## CS224 : Assignment 3

Date of Demonstration 28th March 2023, Lab Timing (2PM-5PM), 16% (8%+8%) weight

Part I: Design of Vector Dot Product Unit (VDPU) using HDL and demonstration using Simulation Our aim is to compute the vector dot product of two vectors. Size of the each vector is 16 and each element of vector can hold 8 bit data.

//C Code equivallent work
short S=Sinput; char X[16], Y[16];
for(i=0;i<16;i++)S=S+X[i]\*Y[i];</pre>

Assume the VDPU unit works in three modes

- a) **DataReadyMode**: Data are for both X and Y vectors are availble and it simply compute S in 16 cycles

   Cycle 0: read S low8bits; Cycle 1: read S high8bits; Cycle2-18: compute S, Cycle 19-20: display S
- b) **PartialReadyMode**: Data for one vector Y is avaible but not for vector X, so every cycle it accept 8 bit data from input port and compute the partial dot product and in 16 cycle it compute the final value of S.
  - Cycle 0: read S\_low8bits; Cycle 1: read S\_high8bits; Cycle2-18: read X[i], compute S, Cycle 19-20: display S
- c) **DataTranferMode**: Data for one vector either X or Y, so every cycle it accept 8 bit data from input port store in vector X or Y.
  - Cycle 0: read S\_low8bits; Cycle 1: read S\_high8bits; Cycle2-18: read X[i], compute S, Cycle 19-20: display null.

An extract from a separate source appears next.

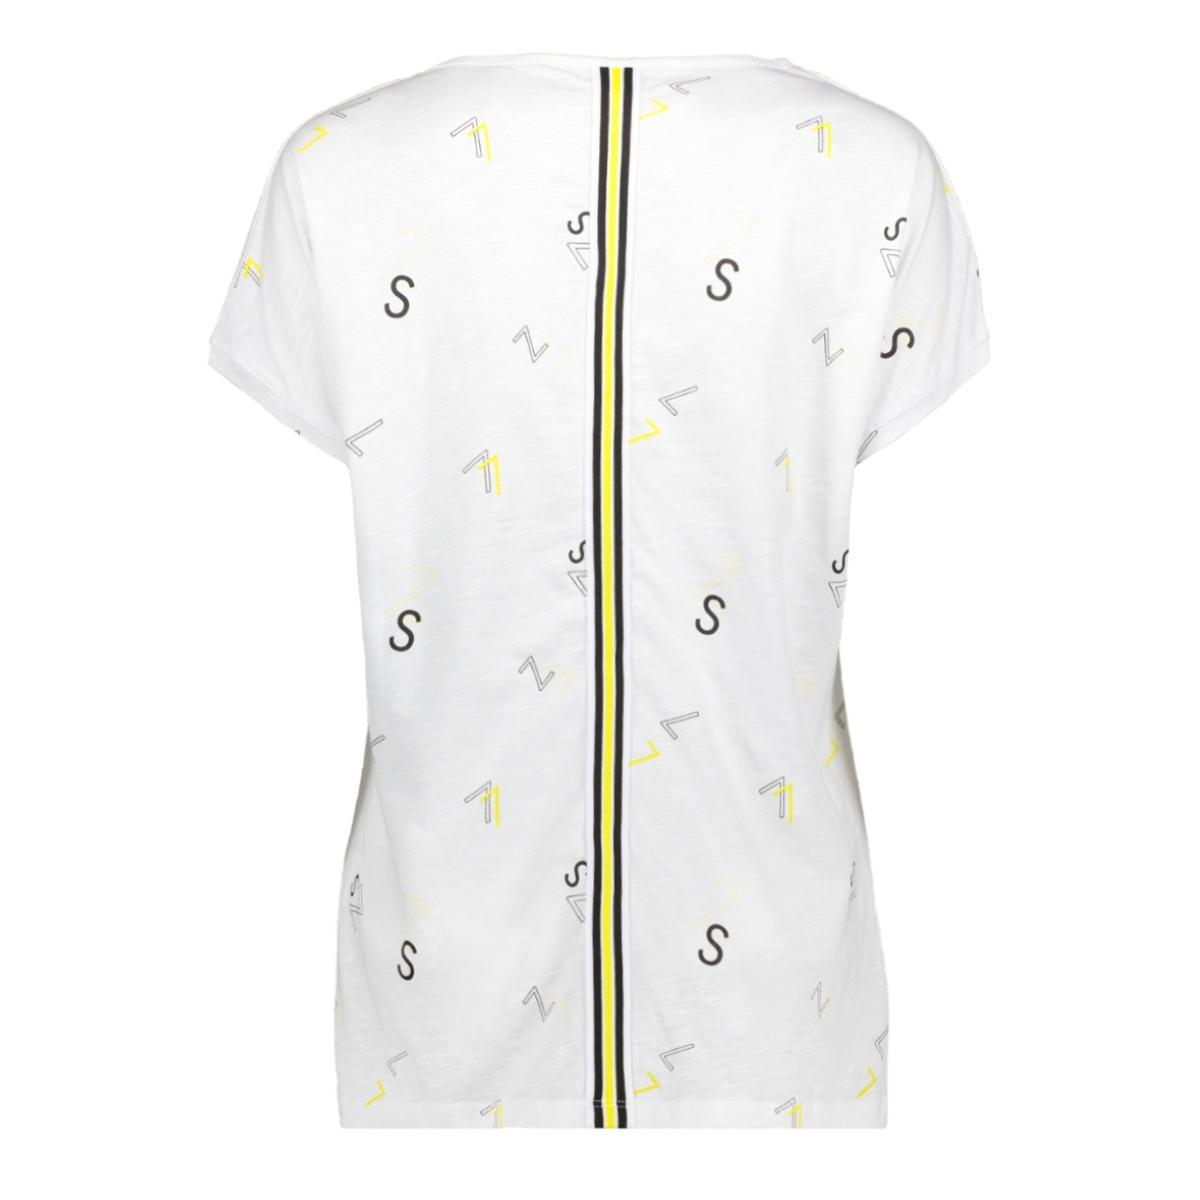 skai t shirt with print 193 zoso t-shirt white/yellow

Based on the above decsription the VDPU unit have one 8 bit **inout port DIO**. Assume if input is all "1111XXXX" it assume it receive GO signal and on last 4 bit of it set the mode, and work based on that. Another two status out output for (a) working, (b) ready, (c) output LSB of output, (d) output MSB of output to DIO.



Simulate your design using input values and find out the resource usage of your design. In this case, you donot need to download and show on the FPGA. Write test bench for the same to validate your design using simulation.

Hint: (a) FPGA have (Multiply and Accumulate) MAC unit, you should utilize the MAC unit if possible. (b) For simplicity, we assume total VDPU operations in all the individual modes takes exactly 20 cycles, so we can manage with one FSM/ASM for all the modes, (c) use as much as possible register/block ram for your design, (d) FPGA have around 100s of MAC unit/DSP slices but you should minimize use of DSP slices, for all the modes one DSP/MAC unit/Multiply-Adder is sufficient. In later part of the course, we may want to instantiate 40 to 50 number of VDPUs in a FPGA to test the performance.

## Part II (VHDL and FPGA): Interfacing VDPU with PC serial port and demsotration on FPGA

- (a) Send 8 bit data from PC using USB port and dispaly at LED of FPGA and similarly recieve 8 bit data from SW0-SW7 of FPGA to PC and Display the same
- (b) Interface VDPU with UART and demonstrate the working of VDPU using PC communication.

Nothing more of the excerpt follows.